Вот только чужой никчёмный человек лежит за перегородкой, и похрапывает, как у себя дома… Зачем он, залётный, здесь, морщилась Нина. Ни для какого дела не годный…
– Ещё не хватало, чтоб и в Буяне под землю нас загнали! – всё бормотала Бронислава, возмущаясь. – Нет, мы – не крысы, по норам-то сновать.
– А ты бы не храбрилась, – остановила её Нина. – Что, мало народа они после революции под землю засунули, на смерть, в шахты да в рудники? Агитаторы? И теперь засунут…
– Ты погляди, росомаха, с чем он к нам тогда заявился, – качала головой Бронислава, снова вспомнив агитатора. – Оккупант хренов. Хотел, значит, чтоб и тут нас бы поверх земли не осталося, как в Москве!.. "Будет и у вас цивилизованный мир!" Разгрозился. Со слабой-то височной костью… Кость эта самая, височная, у него такая тонкая, Нин, оказалася, как бумажка! Вынули там, на суде, снимок рентгеновский. Затребовали из проявки. А на нём – череп его с костями. И правда, говорят, треснутый как ночной горшок – череп-то… И зачем они, с такими височными костями никудышными, под наши кулаки лезут, Нин? Уж сидели бы, где сидят. По городам. Виски бы себе наращивали. Горе с ними!
Нина только фыркнула:
– Так ему, росомахе-то, что? Череп-то треснутый, говорят, и не его на снимке был. Он этот снимок вроде за триста рублей у доктора купил. Почти что задарма. А наш дядя Стёпа Кормачов за всех, один, в тюрьму ушёл!.. А сам только один раз и стукнул. За "народ, веками править не способный".

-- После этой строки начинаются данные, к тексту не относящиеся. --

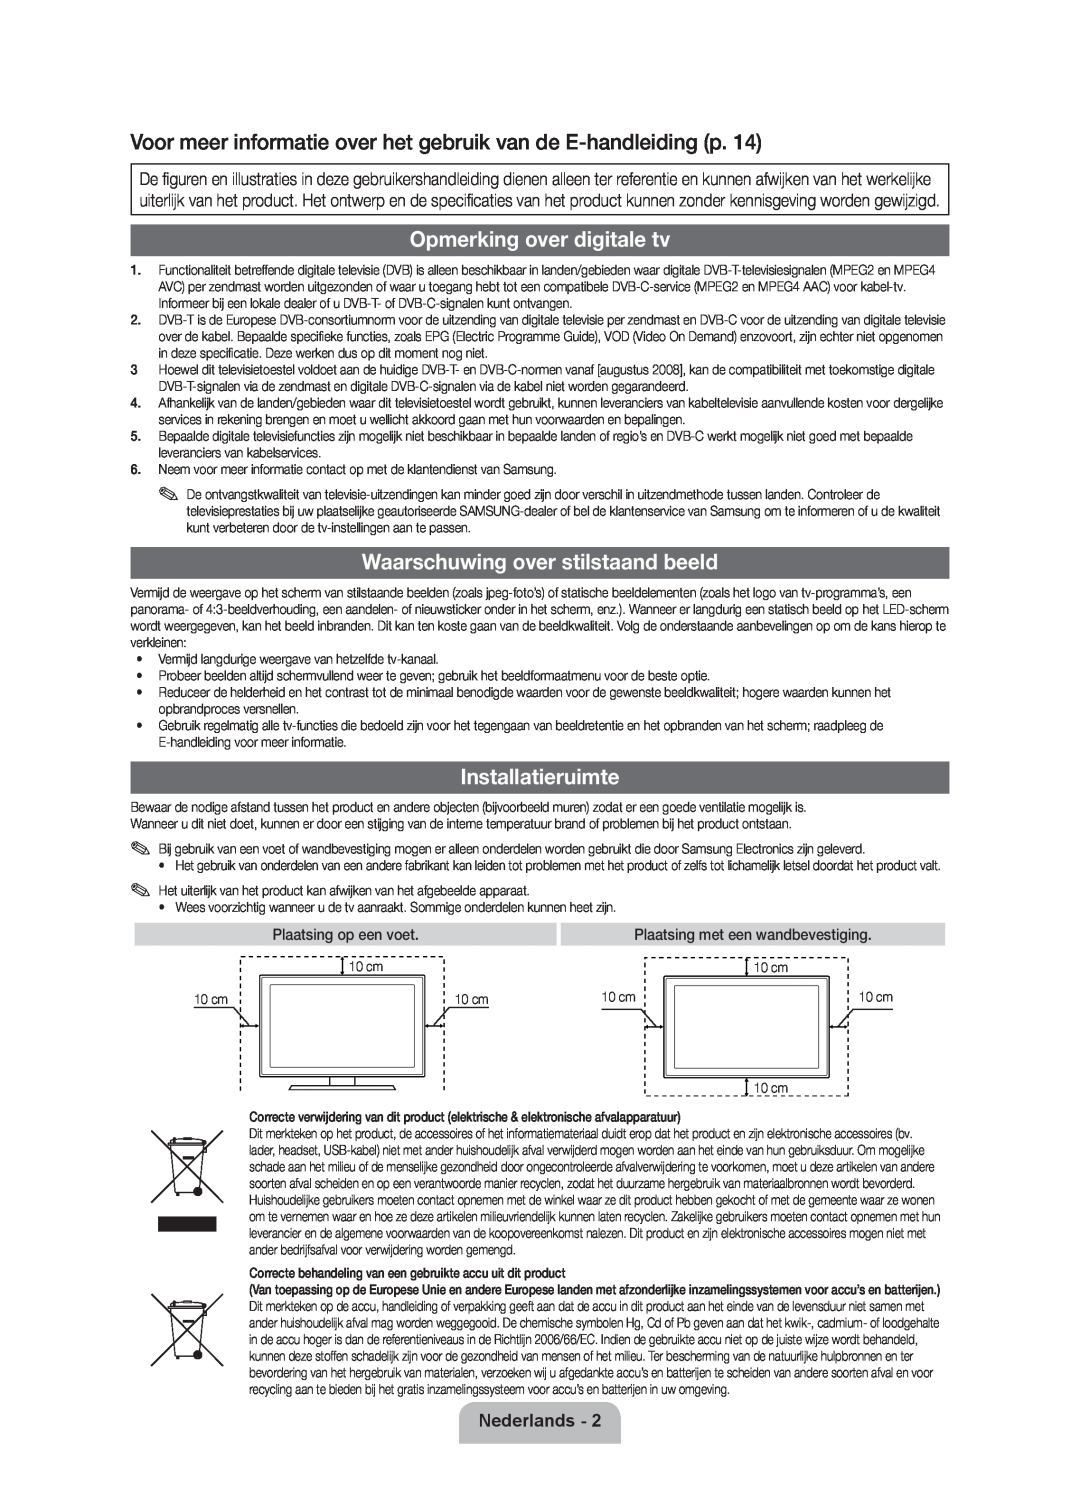 Samsung UE46D7000LSXZF manual Voor meer informatie over het gebruik van de E-handleiding p, Opmerking over digitale tv

– Да нет, говорю же – за "вечно бабье" он агитатора приложил! Я хорошо слушала… Ну, первым, видишь, ударил. И агитаторова родня городского суда запросила. Наш бы суд по-другому рассудил.
– Вот, до суда доводить не надо было. Приехал, да и уехал бы, целёхонький, как завуч! – рассуждала Нина про агитатора и расстраивалась. – И наплевать бы на него. Нет, избили. Да не в потёмках, на дворе, а на виду у всех: на собрании! Нашли, где меры принимать.
– А чтоб не ездили тут, порчу бы не разносили… – ползала Бронислава вокруг полушубка, приставляя к нему школьную старую линейку. – Чтоб другим ездить неповадно было. Это уж – так надо, Нин. Что ж теперь!.. А волю им только один раз дай – всё: их с шеи-то ведь потом не скинешь… Нет, если чужие с хорошими посулами или с взятками заявляются – большая кровь за ними на детей, на внуков потом упадёт! Без большой крови, Нин, уж так и знай, не обойдётся… Напёрсток что-то никак не найду. Обыскалась прям… Она сроду и была везде потом, большая кровь, где пришлых-то впускали. Гражданская война так и получалась. Что в Шерстобитове, что в Ключах… А наши, буянские – нет: не впускали. И старики старые у нас как ведь сроду говорили? "Чужой, хоть и добрый будь человек, а всё лучше – повесить!"… Стычки потом не миновать. Одного чужого впустишь, тыщу своих из-за него похоронишь! Это – с исстари счёт такой идёт. Веками проверено.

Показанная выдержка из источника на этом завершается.